MicroRNA regulation of the MRN complex impacts DNA damage, cellular senescence, and angiogenic signaling

• Main Authors: Espinosa-Diez, Cristina (Author), Wilson, RaeAnna (Author), Chatterjee, Namita (Author), Hudson, Clayton (Author), Ruhl, Rebecca (Author), Hipfinger, Christina (Author), Helms, Erin (Author), Khan, Omar Fizal (Author), Anderson, Daniel Griffith (Author), Anand, Sudarshan (Author)

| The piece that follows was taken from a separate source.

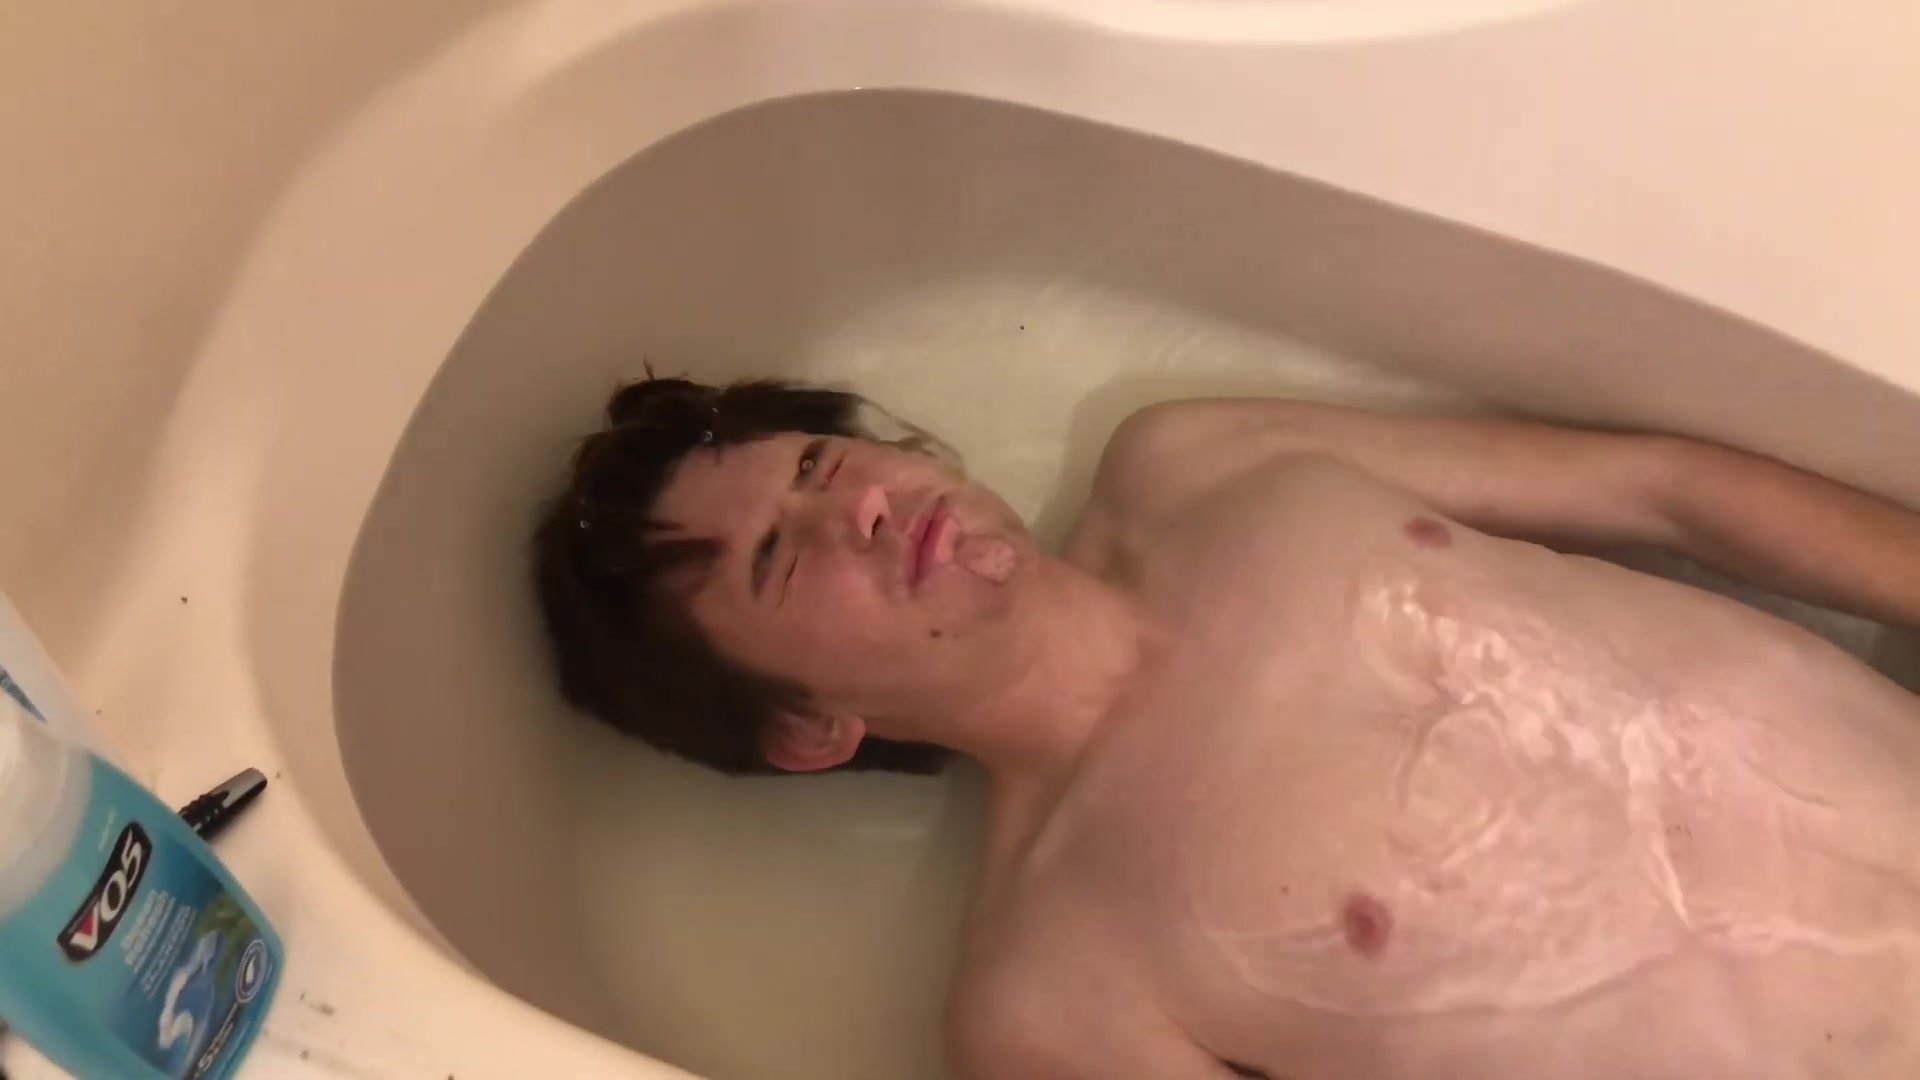 Underwater barefaced bath challenge - video 2

• Other Authors: Massachusetts Institute of Technology. Department of Chemical Engineering (Contributor), Massachusetts Institute of Technology. Institute for Medical Engineering & Science (Contributor), Harvard University- (Contributor), Koch Institute for Integrative Cancer Research at MIT (Contributor)
• Format: Article
• Language: English
• Published: Springer Science and Business Media LLC, 2019-08-09T16:03:30Z.
• Subjects: Article
• Online Access: Get fulltext

 MicroRNAs (miRs) contribute to biological robustness by buffering cellular processes from external perturbations. Here we report an unexpected link between DNA damage response and angiogenic signaling that is buffered by a miR. We demonstrate that genotoxic stress-induced miR-494 inhibits the DNA repair machinery by targeting the MRE11a-RAD50-NBN (MRN) complex. Gain-and loss-of-function experiments show that miR-494 exacerbates DNA damage and drives endothelial senescence. Increase of miR-494 affects telomerase activity, activates p21, decreases pRb pathways, and diminishes angiogenic sprouting. Genetic and pharmacological disruption of the MRN pathway decreases VEGF signaling, phenocopies miR-494-induced senescence, and disrupts angiogenic sprouting. Vascular-Targeted delivery of miR-494 decreases both growth factor-induced and tumor angiogenesis in mouse models. Our work identifies a putative miR-facilitated mechanism by which endothelial cells can be insulated against VEGF signaling to facilitate the onset of senescence and highlight the potential of targeting DNA repair to disrupt pathological angiogenesis.